In den drei mittleren Ländergruppen befinden sich insgesamt 24 Staaten mit zusammen 68 Volksabstimmungen. Soweit es hier direktdemokratische Verfahren „von unten“ gibt (Albanien, Bulgarien, Kroatien, Malta, Nordmazedonien, Serbien, Luxemburg) finden diese jedoch nur selten statt, weil die Hürden für die Volksinitiative bzw. das fakultative Referendum meist hoch bis sehr hoch sind (kurze Sammelfristen, Beteiligungsquoren). Die meisten Abstimmungen sind obligatorische Referenden oder Plebiszite „von oben“ durch Staatsorgane.

Die Masse der insgesamt 1050 Volksabstimmungen findet mit zusammen 985 Abstimmungen in den ersten beiden Ländergruppen statt. Davon entfallen allein 61 % auf die Schweiz. Dies liegt u. a. an der sehr langen Praxis dort seit 1848 und den sehr niederschwelligen Reglungen für direktdemokratische Verfahren. So sind fast alle Themen zulässig, die Qualifikationsquoren mit ca. 1 % (fakultatives Referendum) bzw. ca. 2 % (Volksinitiative) sehr niedrig, die Sammelfristen mit 100 Tagen bzw. 18 Monaten lang. Es gibt keine Abstimmungsquoren. Jeder Bürger erhält eine offizielle Abstimmungsbroschüre mit ausführlichen Informationen. Obligatorische Referenden sind zu 75, fakultative Referenden zu 43 und Volksinitiativen zu ca. 10 % erfolgreich. Die beiden letzteren Instrumente haben zusätzlich starke indirekte Wirkungen.

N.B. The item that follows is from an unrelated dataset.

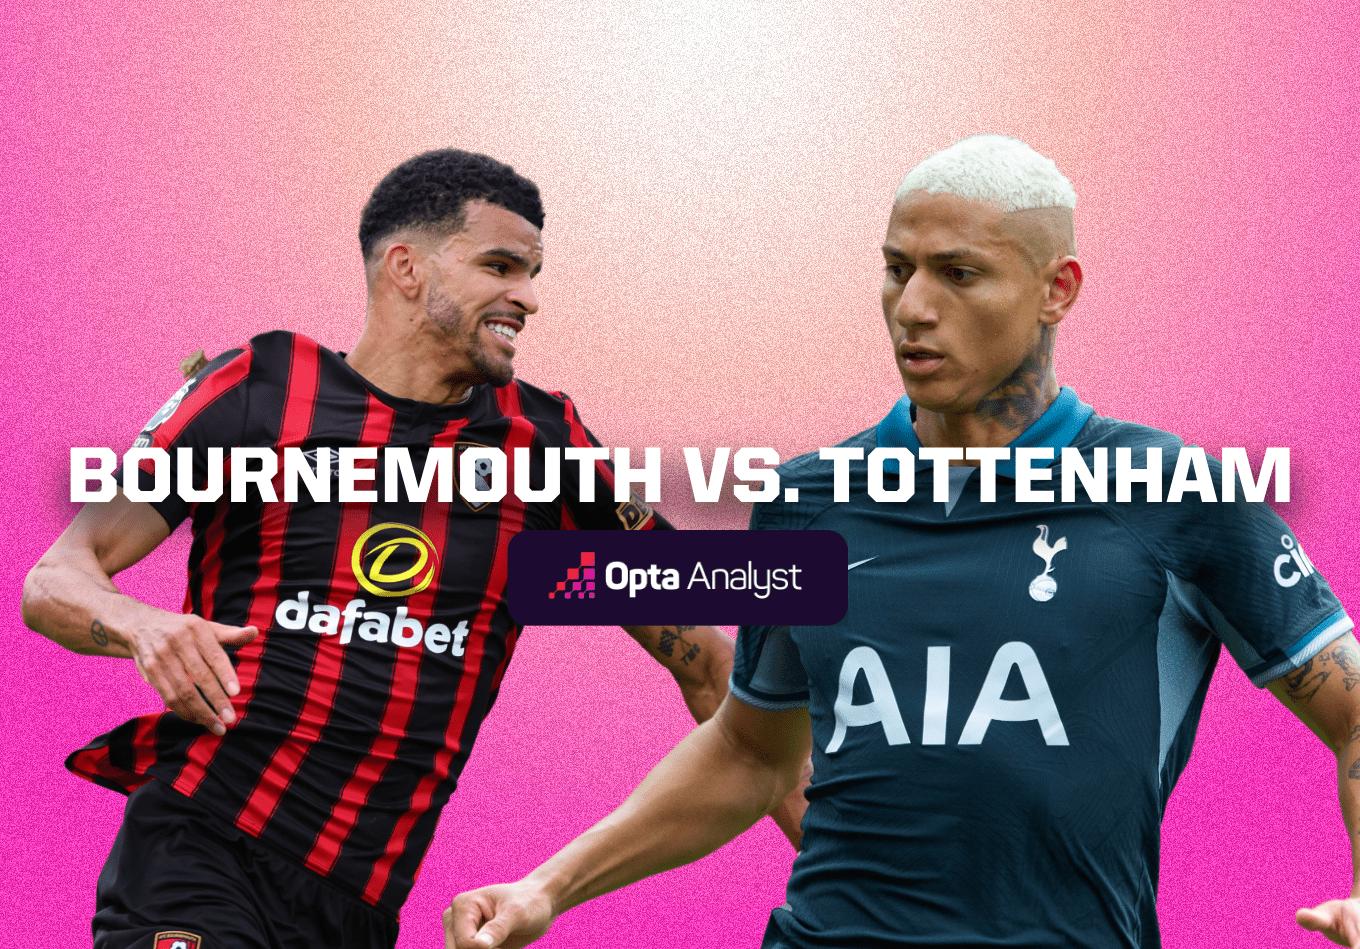 Bournemouth vs Tottenham: Prediction and Preview

Zur Recht führen die Autor*innen die vielfältigen Funktionen und Wirkungen an, welche die direktdemokratischen Verfahren in der Schweiz haben. Sie sind u. a. Problem-Seismografen, rückkoppeln die Abgeordneten an die Bürger, befrieden und entschärfen Konflikte, führen zu Kompromissen, fördern Partizipation, konfrontieren Menschen mit Themen und Sichtweisen außerhalb ihrer eigenen Lebenswelt, können Parlamentsgesetze bremsen und Innovationen beschleunigen, oder bringen neue Themen auf die Agenda. Die Schwächung des Parlaments soll hinnehmbar sein, weil über 90 % der Gesetze ohne Referendum verabschiedet werden. Zwar sei der direktdemokratische Prozess langsamer, dafür aber auch gründlicher. Volksinitiativen führten etwas stärker zur Einschränkung von Minderheitenrechten.

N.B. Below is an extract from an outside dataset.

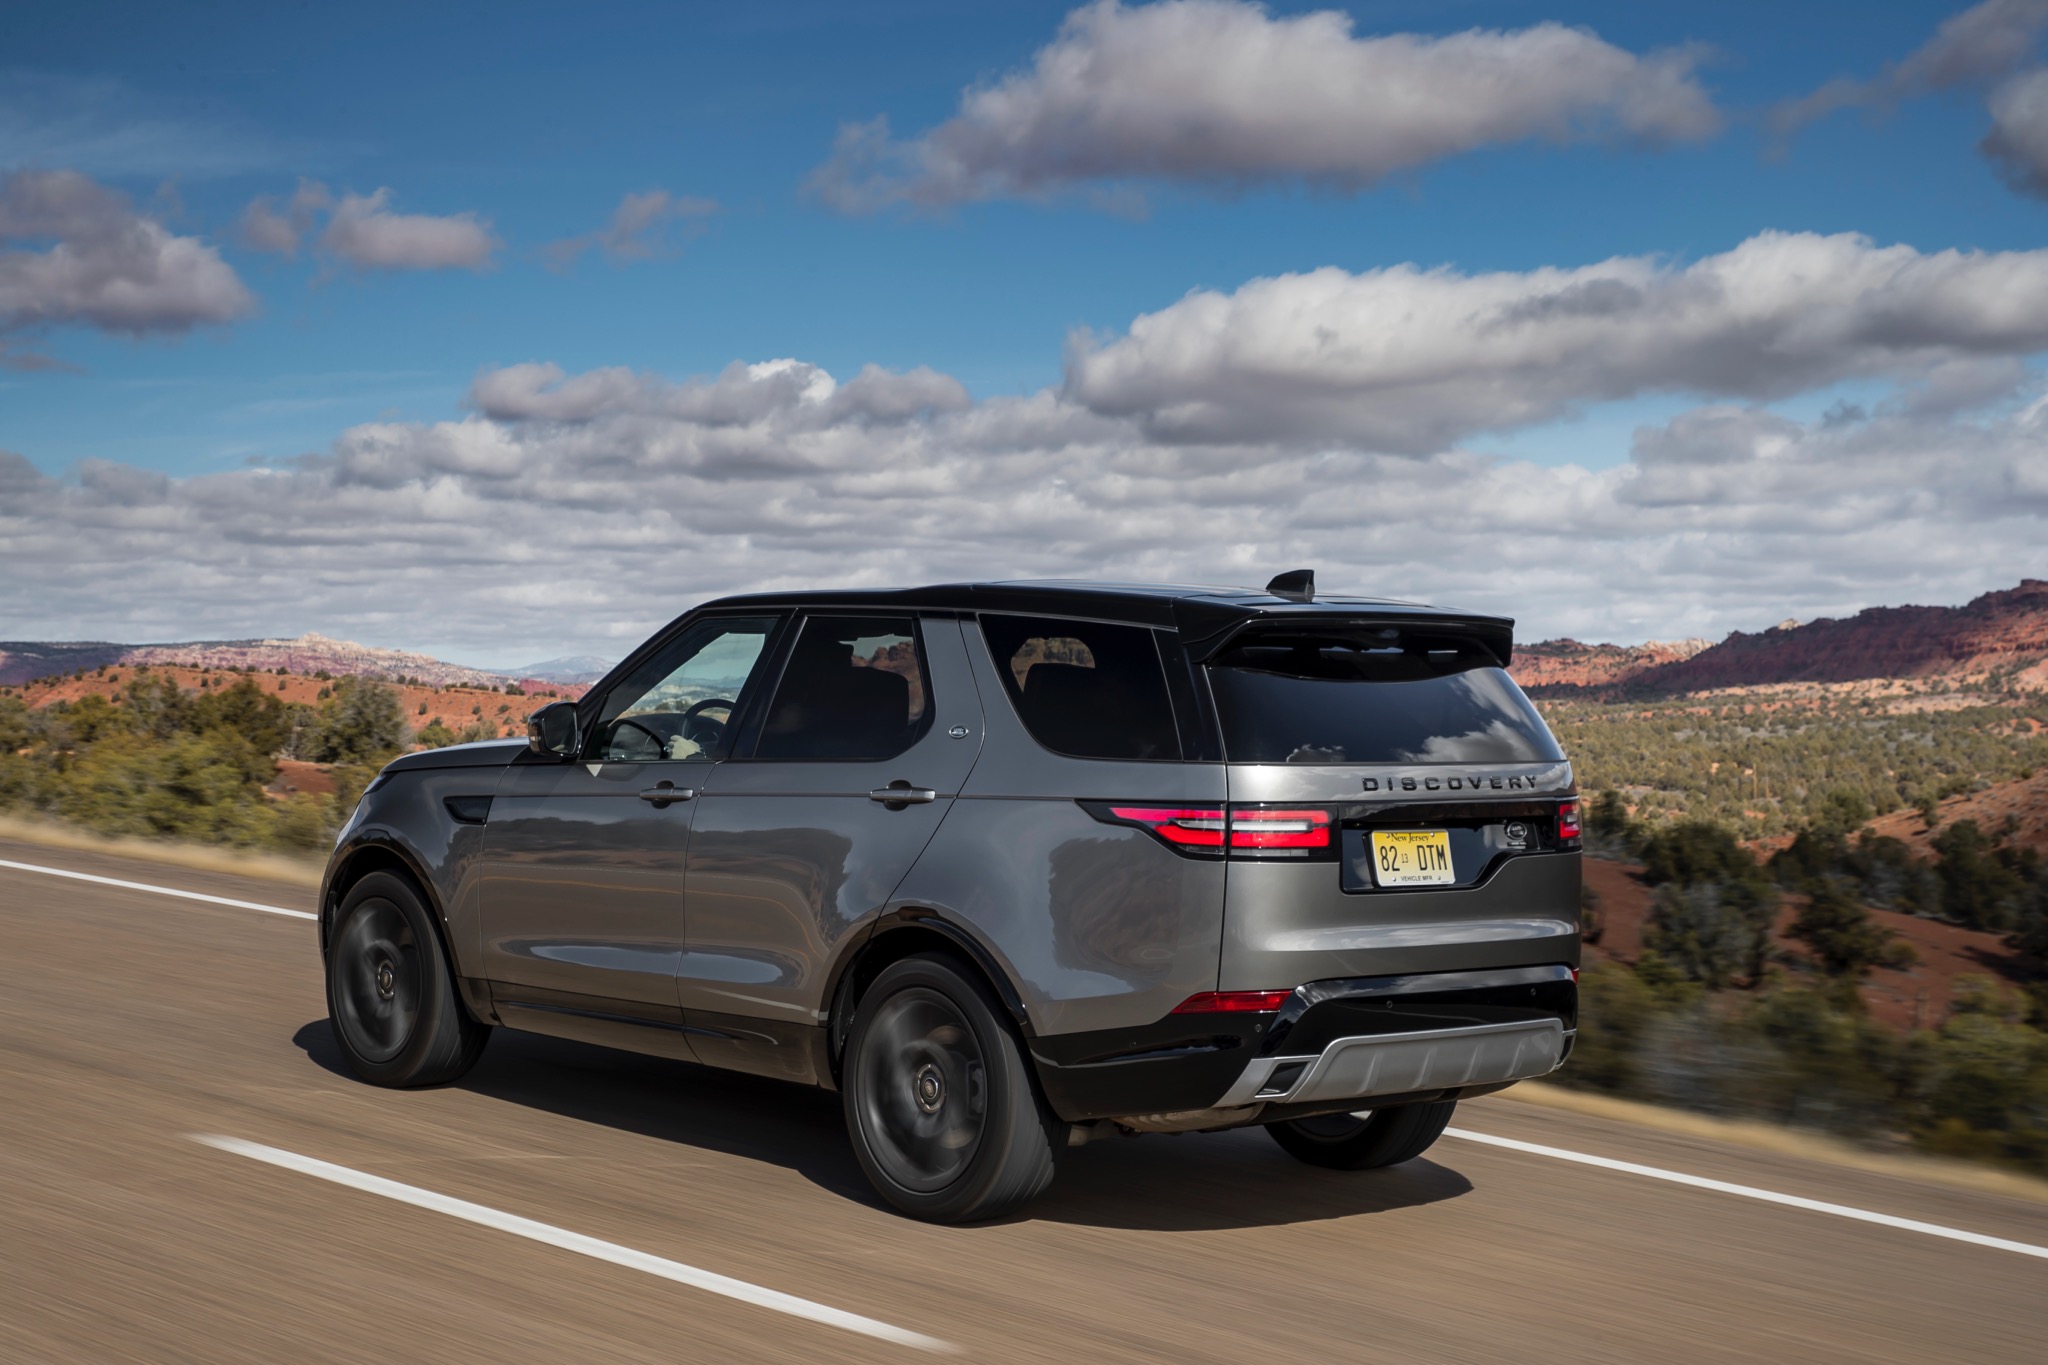 2017 Land Rover Discovery review - photos | CarAdvice

Die Autor*innen ziehen ein sehr positives Fazit: die Schweiz sei in mehrfacher Hinsicht ein Vorzeigeland direktdemokratischer Verfahren. Dies liege u. a. an den anwendungsfreundlichen niedrigen Hürden. Die langen Sammelfristen würden der öffentlichen Diskussion Raum geben, das Fehlen von Abstimmungsquoren verhindere Boykotte, bei Gegenvorlagen des Parlaments sei ein doppeltes „Ja“ mit Stichfrage möglich. Die Medien berichteten ausführlich, es bestünden zahlreiche Orientierungsangebote, so auch Abstimmungsparolen der Parteien und Verbände. Insgesamt führe direkte Demokratie zu hohem Respekt vor Abstimmungsmehrheiten und Zufriedenheit mit dem Funktionieren der Demokratie.

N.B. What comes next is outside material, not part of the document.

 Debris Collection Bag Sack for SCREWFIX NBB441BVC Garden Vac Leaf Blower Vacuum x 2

Zu Recht zählt das Werk aber auch Schwächen der schweizerischen halb-direkten Demokratie auf. Es gibt nämlich keine verfassungsgerichtliche Kontrolle, gegen Völkerrecht verstoßende Initiativen gelangen zur Abstimmung und finanzielles Übergewicht einer Seite muss für die schwächere Seite unfair wirken. Zudem gibt es in der Schweiz keine Transparenzvorschriften, welche die Offenlegung finanzieller Quellen in Abstimmungskämpfen verlangen. Die Abstimmungsbeteiligung von durchschnittlich ca. 45 % bewerten die Autor*innen nicht als zu niedrig. Denn in einer additiven Betrachtung beteiligen sich zwischen zwei Wahlen ca. 80 % aller Bürger*innen mindestens einmal an einer Volksabstimmung.

In der zweiten Ländergruppe befinden sich neun Staaten, die direktdemokratische Verfahren mit einiger Praxis aufweisen (Italien, Irland, San Marino, Litauen, Dänemark, Slowenien, Slowakei, Ungarn, Lettland). Hier fanden 198 direktdemokratische Volksentscheide und 39 Plebiszite und sonstige Verfahren statt. Italien und Irland stechen mit 65 bzw. 41 direktdemokratischen Verfahren heraus.

In Italien gibt es im Wesentlichen das abrogative (aufhebende) Gesetzesreferendum, das seit 1948 63 Mal stattgefunden hat. Das Unterschriftenquorum ist mit 500.000 Unterschriften sehr niedrig. Restriktiv ist jedoch das Beteiligungsquorum von 50 %, das zu Boykottaufrufen der Gegner führt, so dass 38,5 % der Referenden „unecht“ scheiterten. Dennoch konnten sich immerhin 35,4 % der Anliegen durchsetzen. Dazu zählen z. B. die Referenden gegen die „Lex Berlusconi“ 2011. Die Volksinitiative gibt es nicht. Volksabstimmungen in Italien erfüllten z. B. die Funktion, dass kleinere Parteien gesellschaftliche Debatten anstoßen konnten und richtungsweisende Entscheidungen gesellschaftlich brennender Fragen entschieden wurden (z. B. Ende der Atomkraft). Wenn Politiker ihr politisches Schicksal mit dem Erfolg in Volksabstimmungen verbinden, kann dies zu Rücktritten führen, so wie 2016 bei der Ablehnung der von Ministerpräsident Renzi propagierten Verfassungsreformen.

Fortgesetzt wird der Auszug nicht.